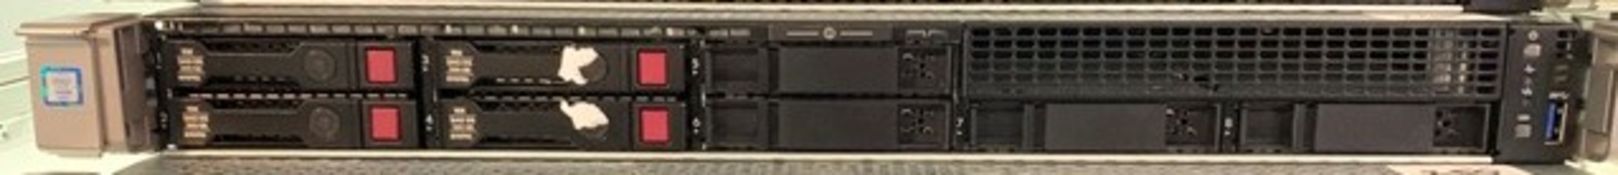 Hewlett Packard model HSTN HSTNS-2416 Pro Xeon rack server 32Gb RAM 280Gb HD
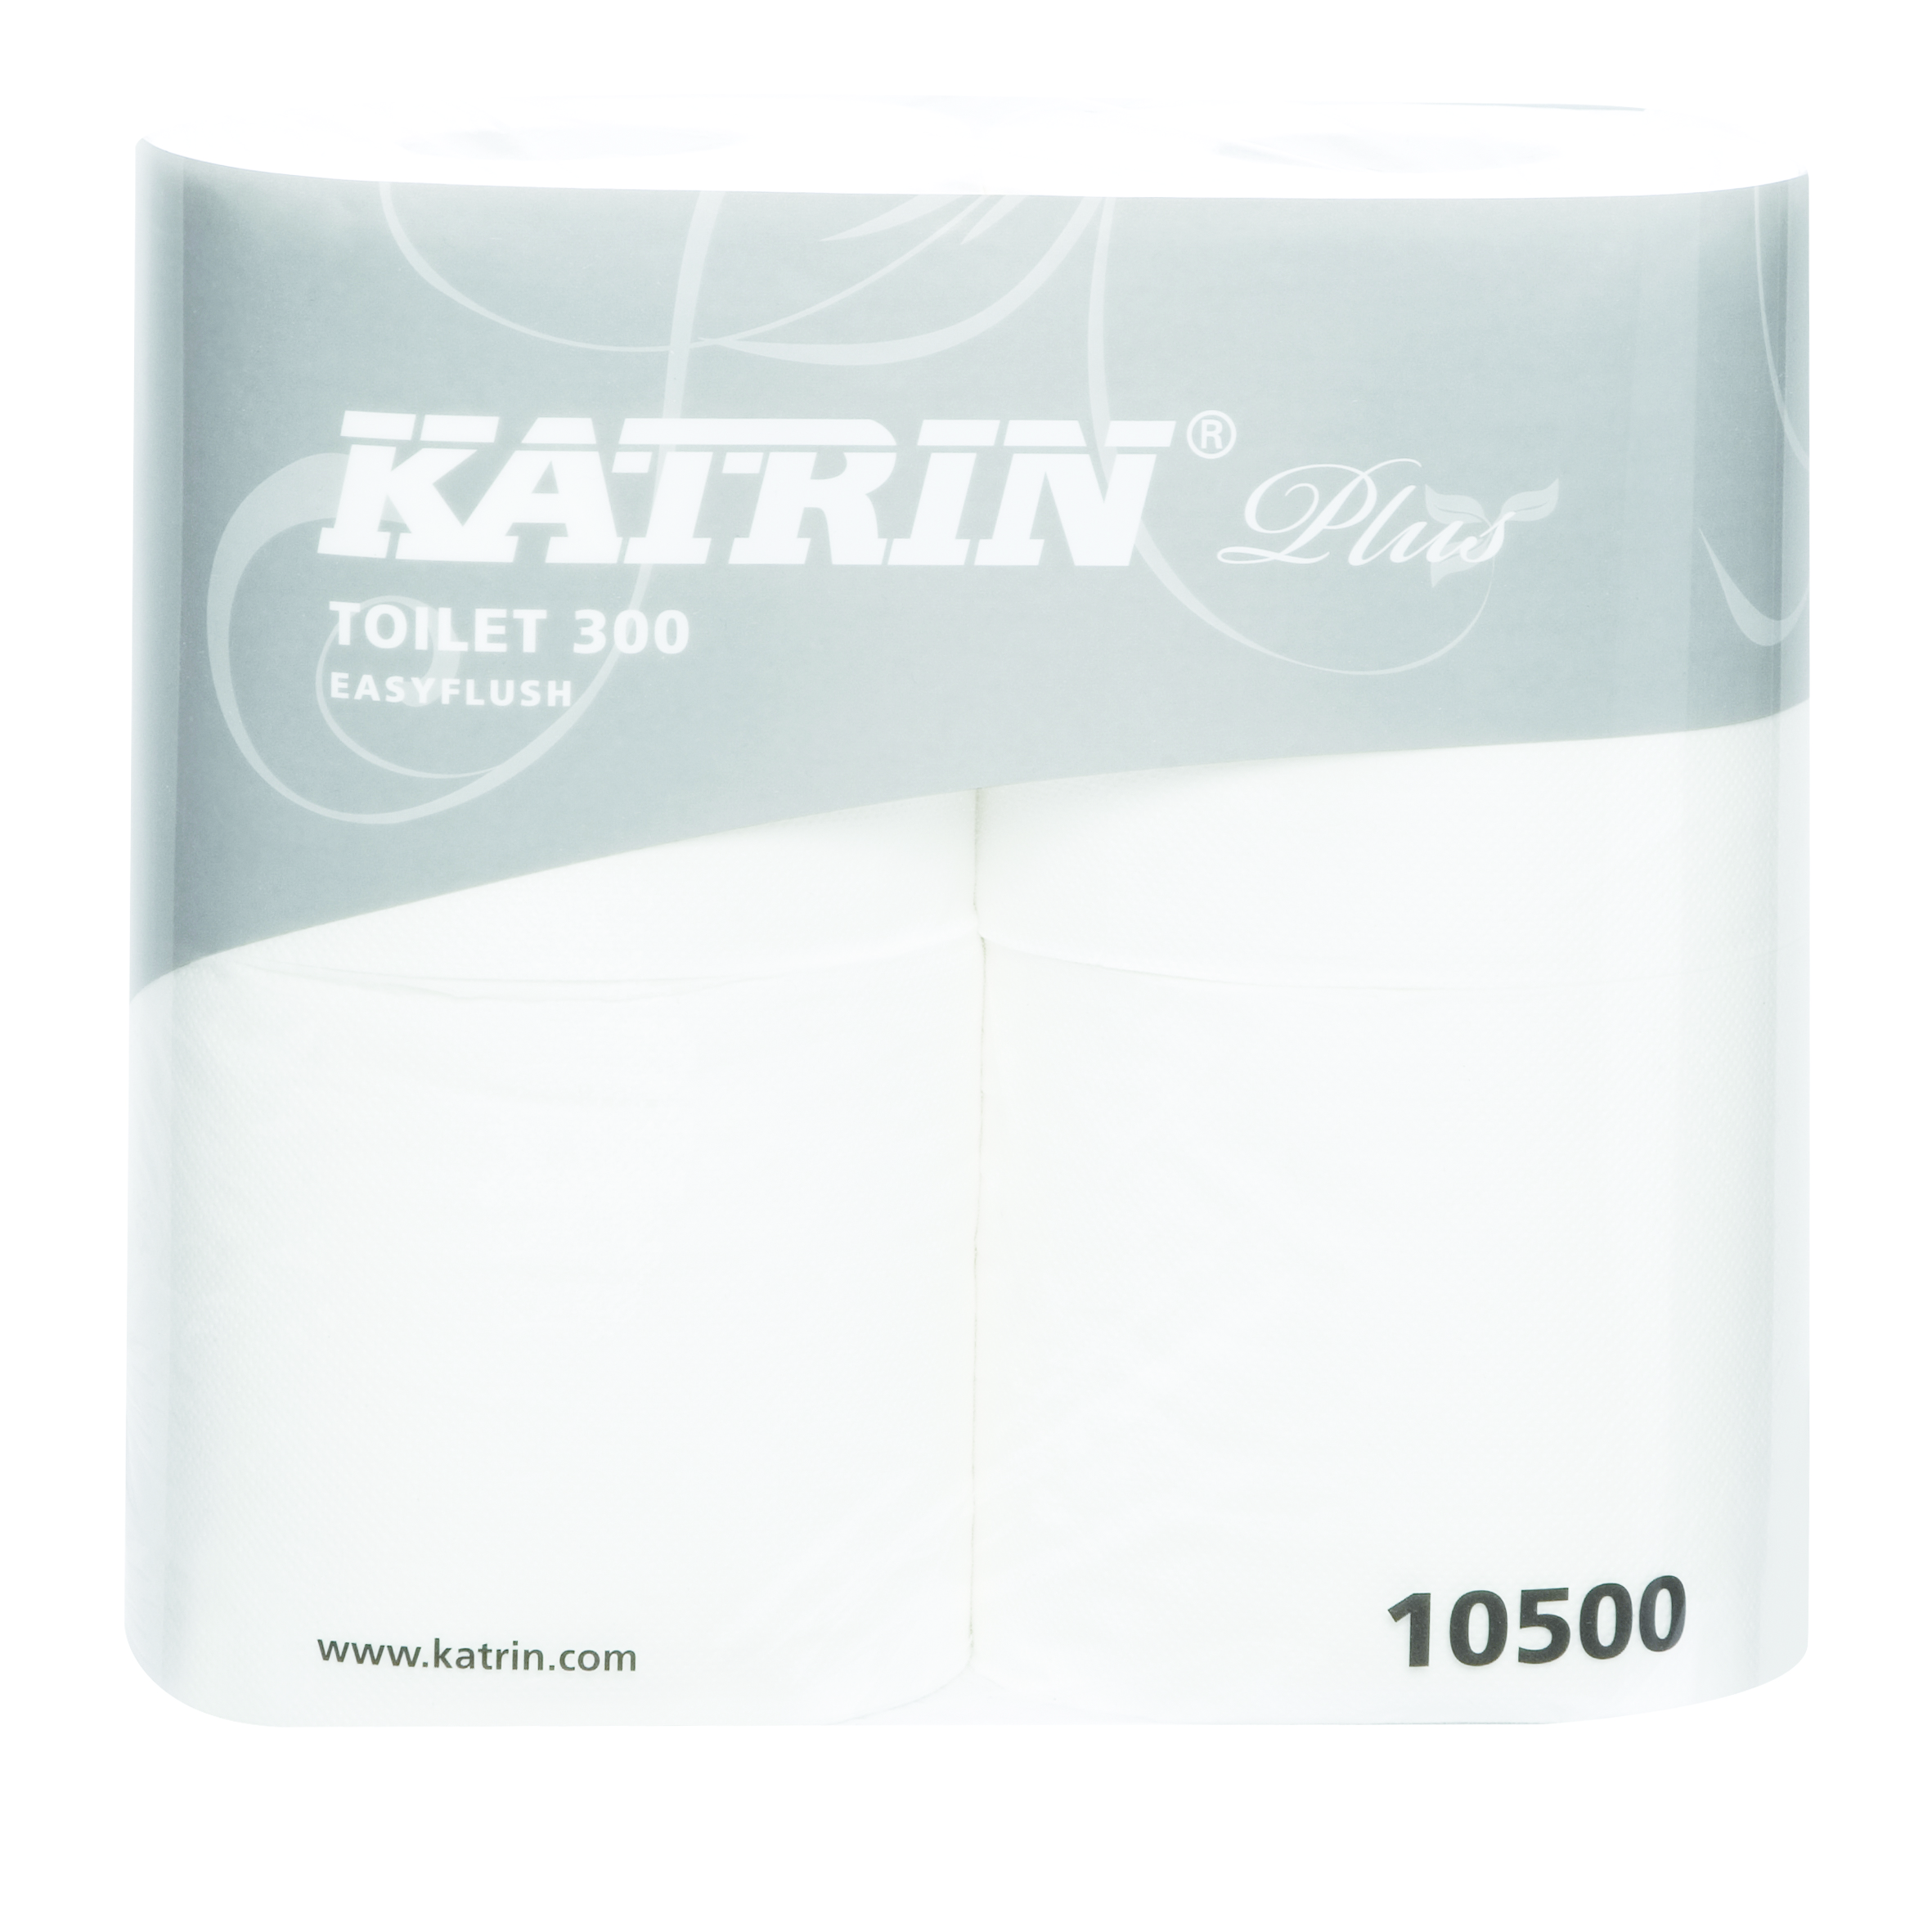 Katrin Plus Toilet Paper 300 sheet EASY FLUSH 2 ply 4 pack
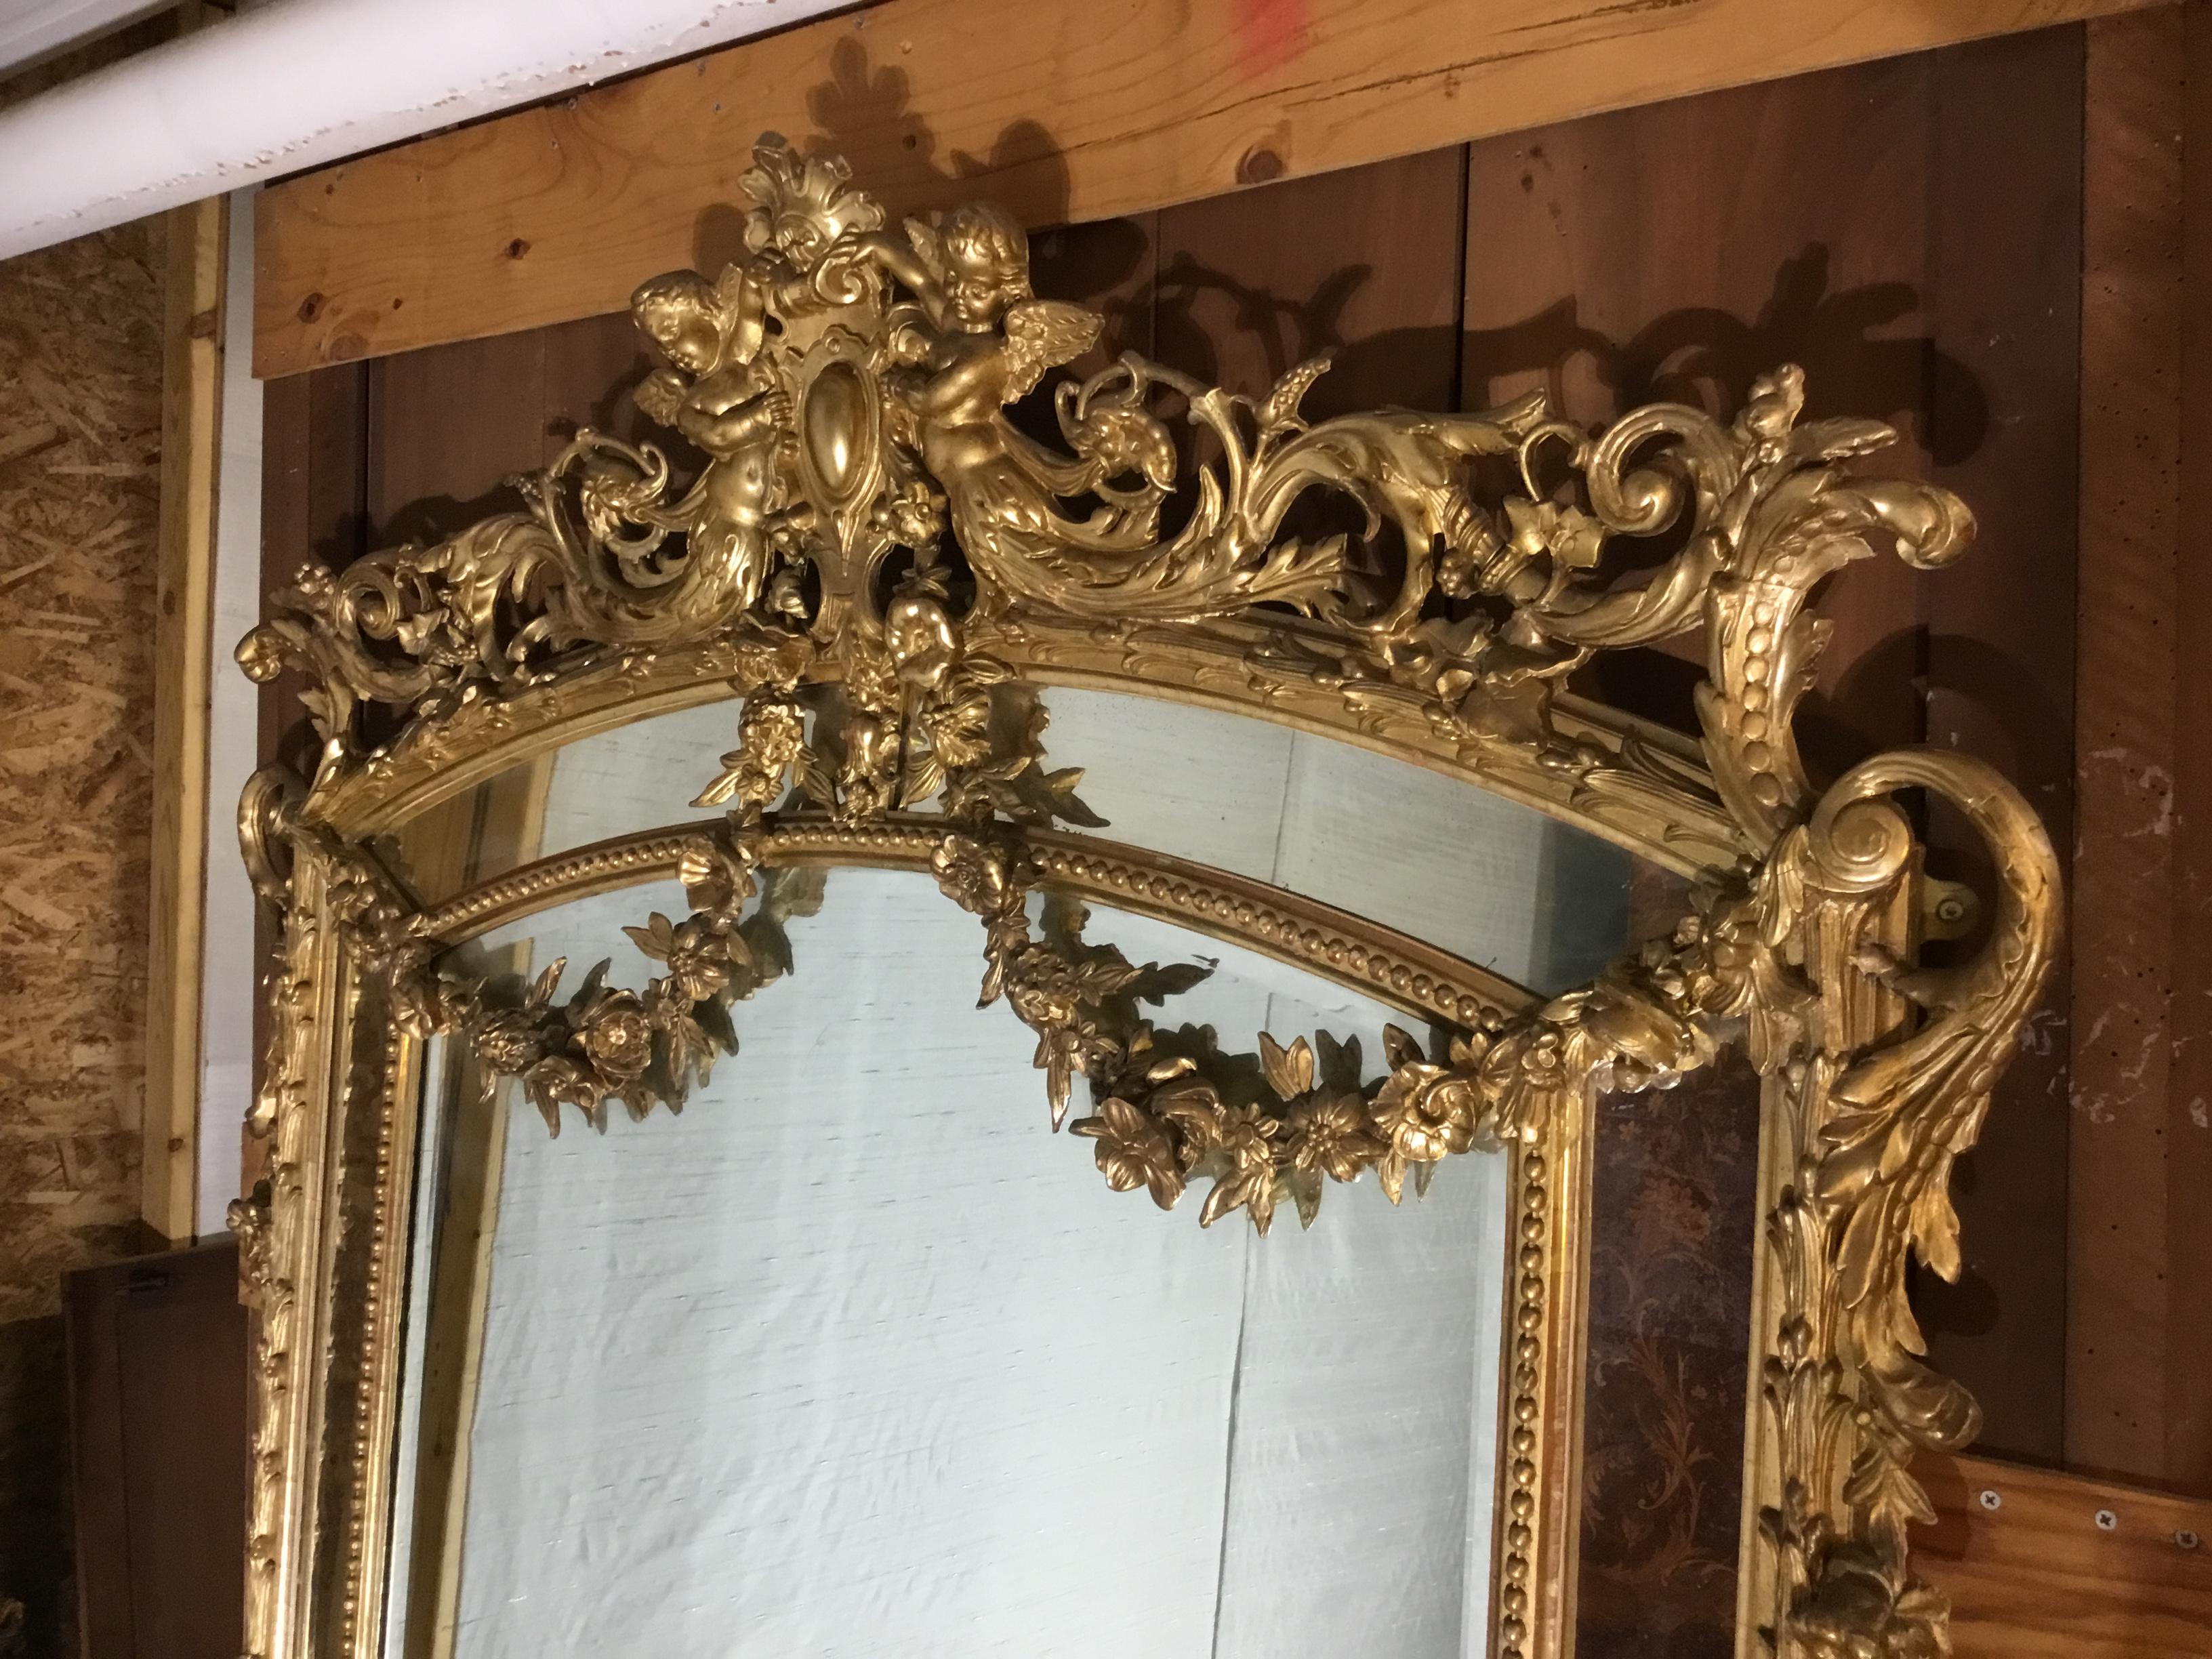 Voici un très beau miroir de parecloses ancien du 19ème siècle, de style français et doré. La forme du cadre du miroir et les décorations utilisées sont typiques du style Louis XVI. Le cadre du miroir comporte une plaque de verre centrale avec un

* Exercise description
Repeat the full listing above exactly, with no pictures in the copy.

* Reply to the task
 Hewlett Packard model HSTN HSTNS-2416 Pro Xeon rack server 32Gb RAM 280Gb HD
 Katrin Plus Toilet Paper 300 sheet EASY FLUSH 2 ply 4 pack
 Voici un très beau miroir de parecloses ancien du 19ème siècle, de style français et doré. La forme du cadre du miroir et les décorations utilisées sont typiques du style Louis XVI. Le cadre du miroir comporte une plaque de verre centrale avec un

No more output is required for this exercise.